Впрочем, клакбюкский священник чувствовал, что от ветеринара исходит нечто вроде духа святости. Он догадывался о паническом страхе Фердинана, плоде зловонных его угрызений совести, чуял его ужас перед тайнами пола и считал, что такие люди, как он, укрепляют приход уже одним только своим присутствием. И он был бы рад, если бы тот жил в Клакбю, пусть даже оставаясь радикалом и антиклерикалом. Иногда кюре позволял себе помечтать (у него прямо слюнки начинали течь) о том, как Фердинан Одуэн, клакбюкский прихожанин, приходит к нему на исповедь, чтобы покаяться: уж он-то, в отличие от городских священников, которые не являются настоящими врачевателями душ, не стал бы ограничиваться рассеянно-снисходительными словами. «Но ведь это ужасно…» — чудилось ему; он как бы говорил несчастному своим пришептывающим голосом, от которого в исповедальню слетались все самые непроглядные потемки церкви. Он уже видел, как подавленный, объятый томительным страхом грешник идет по Клакбю и сеет среди жителей деревни святое недоверие к плоти, которое является первой ступенькой лестницы, ведущей в рай. С душами вроде ветеринаровой можно было не сомневаться, что, не слишком переутомляясь, хоть сколько-нибудь в копилку религии да положишь. Не то что со всякими убогими созданиями, которые, наведываясь раз в неделю перед ужином, сообщали: «Изменила я, отец, моему мужу с Леоном Коранпо», — и спокойно уходили, получив распоряжение прочитать «ave», «pater» и «confeteor». Вот Фердинан, тот был католиком что надо…
Ветеринар ничего не знал о том восхищении, которое питал к нему клакбюкский кюре. И его предчувствие, что он отдан на растерзание бесам, все усиливалось и усиливалось. Чтобы искупить свою совершенно платоническую извращенность, он пытался прибегнуть к воздержанию. Кстати, исполняя супружеские обязанности, он умирал от страха или же мучился из-за полученного удовольствия такими угрызениями совести, что на него нападала бессонница. Подозрительный, опасающийся всего, что могло дать пищу его собственному воображению, он маниакально преследовал и держал под наблюдением всех членов своей семьи. Он усердно присматривал за ребятами, особенно за Антуаном, чья склонность к лени позволяла предполагать у него массу пороков. «Праздность — мать всех пороков», — говорил ветеринар, подчеркивая каждое свое слово. Фредерик, будучи трудолюбивым учеником, пользовался относительным доверием. Правда, однажды случилась настоящая трагическая сцена: отец обнаружил среди его учебников трактат по сексуальному воспитанию. Этот обернутый в синюю бумагу трактат ничем не выделялся среди других книг Фредерика, но у ветеринара был превосходный нюх на все скандальное. Раскрыв книгу наугад, он попал на четырнадцатикратно увеличенный тестикул в разрезе. Дрожа от гнева, он ворвался в столовую, где семья собралась на вечернюю трапезу, и стал трясти тестикулом перед носом виновного:
— На колени! Негодяй! Дрянь, а не сын! Совершенно не уважаешь своих родителей…
Жене, испуганно и вопрошающе смотревшей на него, он кричал:
— Он знает все! Мне больше нечего сказать… О! Презренный! Проси у меня на коленях прощения! Ты теперь больше не получишь десерта до самого своего совершеннолетия…

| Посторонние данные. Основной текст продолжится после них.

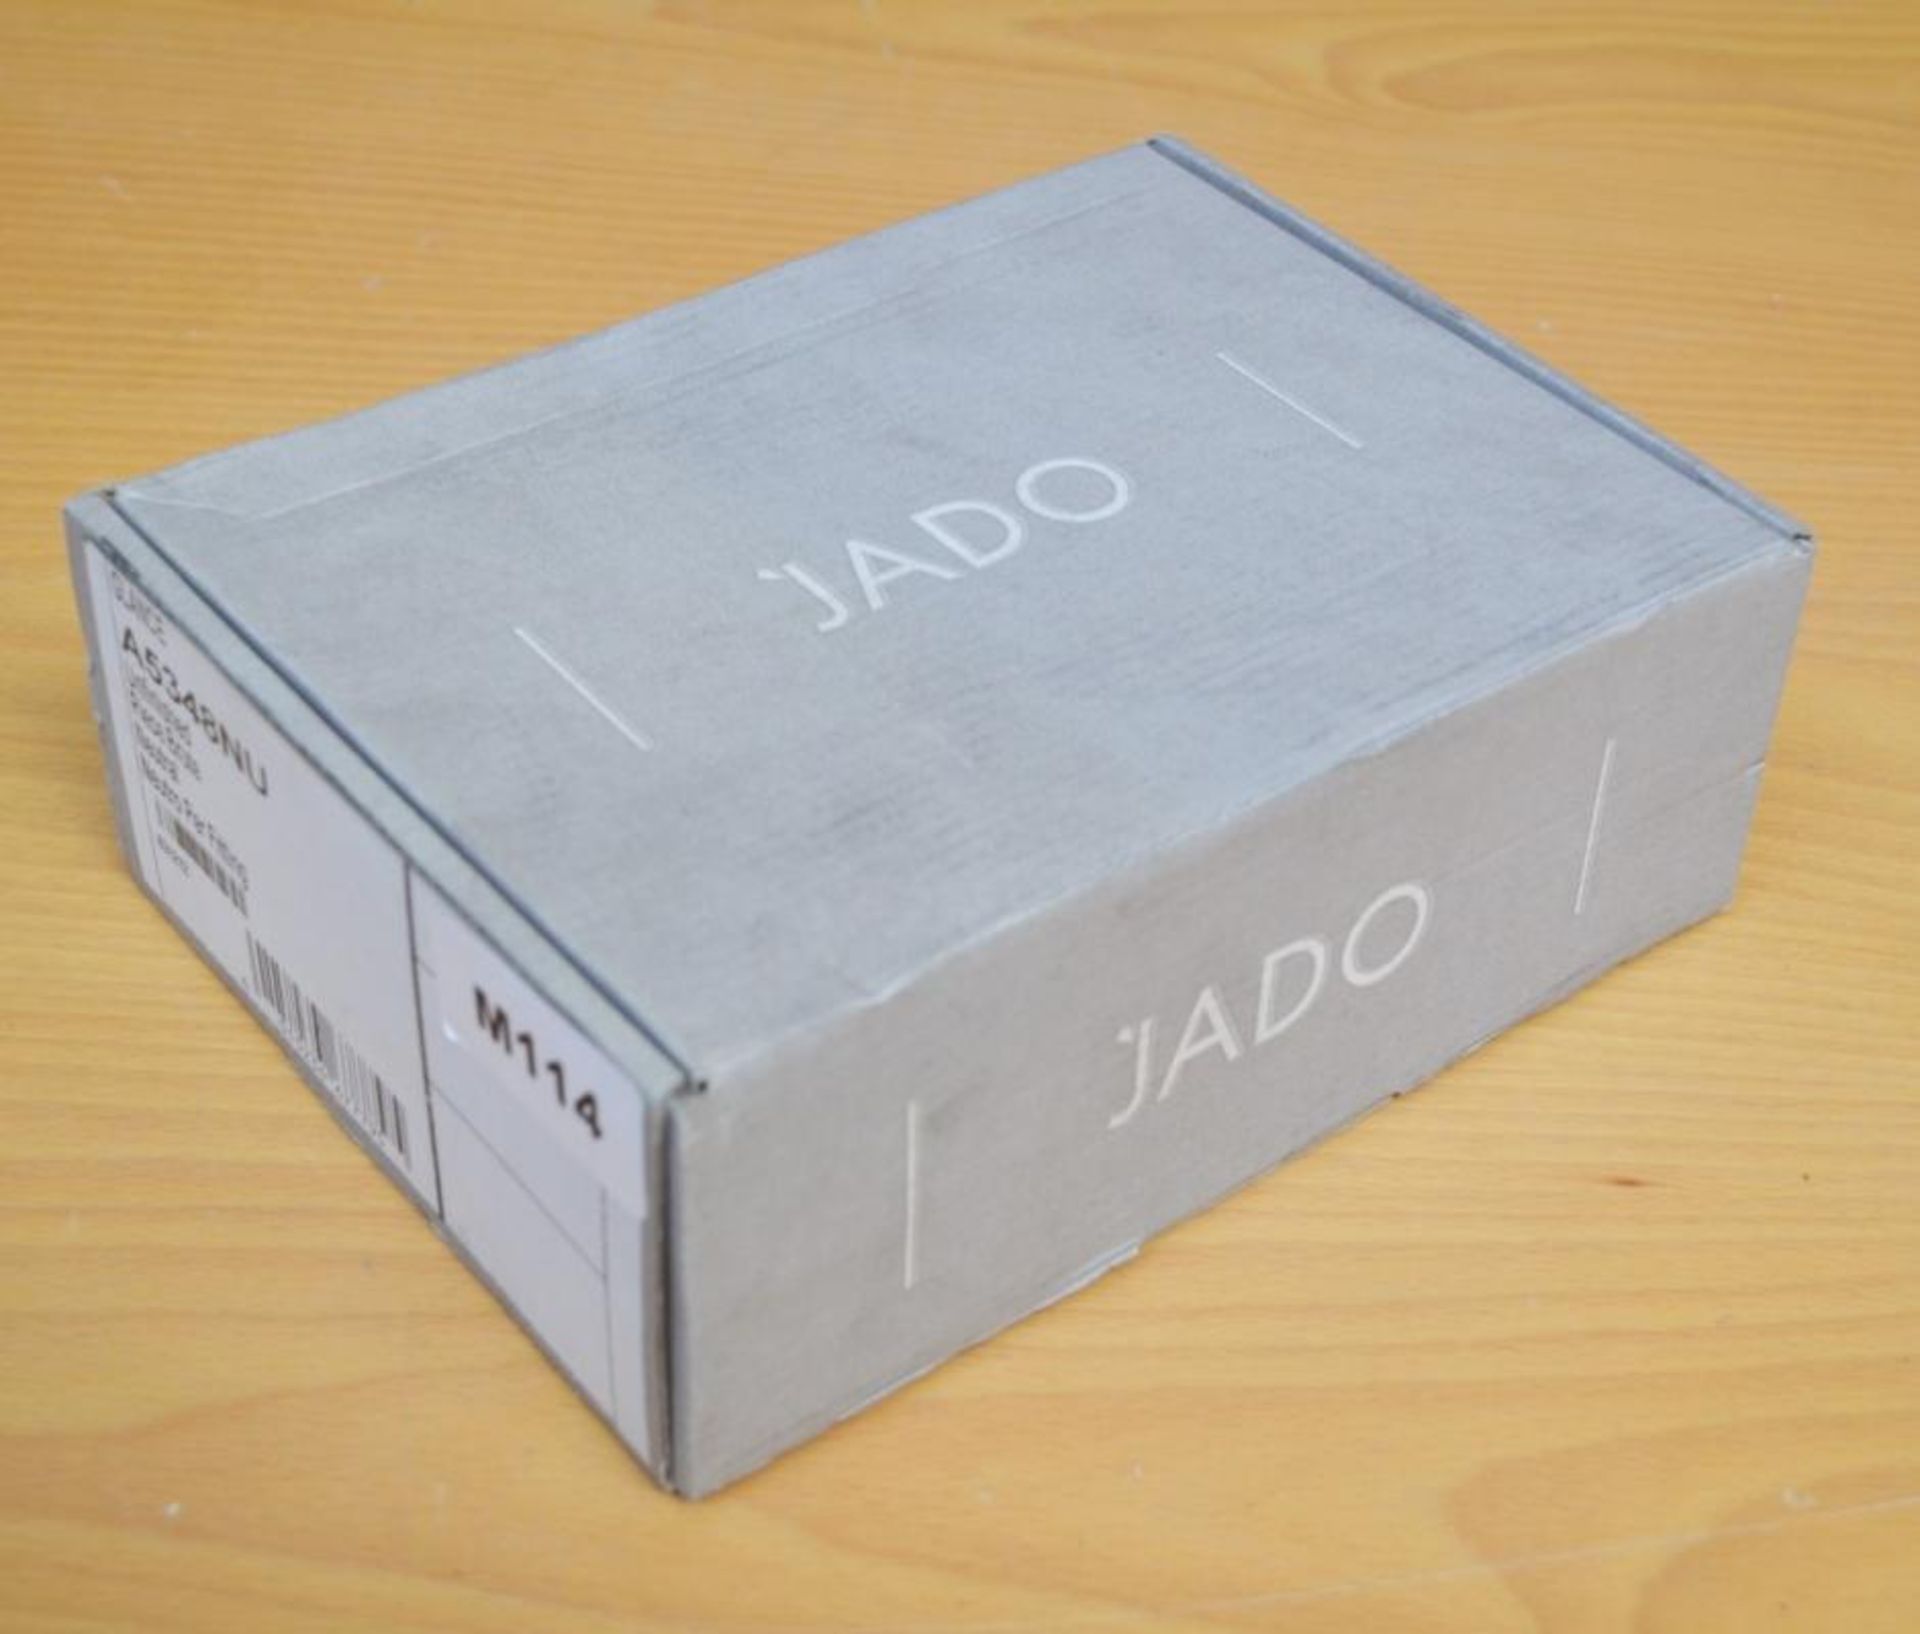 1 x Ideal Standard JADO "Glance" Concealed Parts (A5348NU) - Chrome Finish - New / Unused Boxed Stoc - Image 7 of 8

И потом, после случившейся драмы, отец еще долго-долго не мог встретиться взглядом с Фредериком, чтобы не покраснеть до корней волос. Его подозрительность распространялась также и на дочь, и из-за одного сомнительного жеста, который, он истолковал по-своему, Люсьене пришлось в течение шести месяцев спать со связанными за спиной руками.
Профессиональная деятельность Фердинана никак не страдала от его маниакальных тревог, скорее, даже наоборот. Отдаваясь со страстью работе, он беспрестанно колесил по дорогам, навещая то телящихся коров, то больных сибирской язвой свиней; он хотел, чтобы у его сыновей были лучшие в классе оценки, чтобы Люсьена стала образцом девичьего совершенства. Поскольку церковь была бессильна помочь ему с изгнанием бесов и не располагала весами, на которых можно было бы взвесить химеры его грехов, и поскольку он был как бы отлучен от нее, или забыт, или причислен к протестантам, то ветеринар хотел, чтобы все семейство трудами и достойным поведением своим свидетельствовало о почтительности его главы. Он наращивал свой дом вверх, словно Вавилонскую башню.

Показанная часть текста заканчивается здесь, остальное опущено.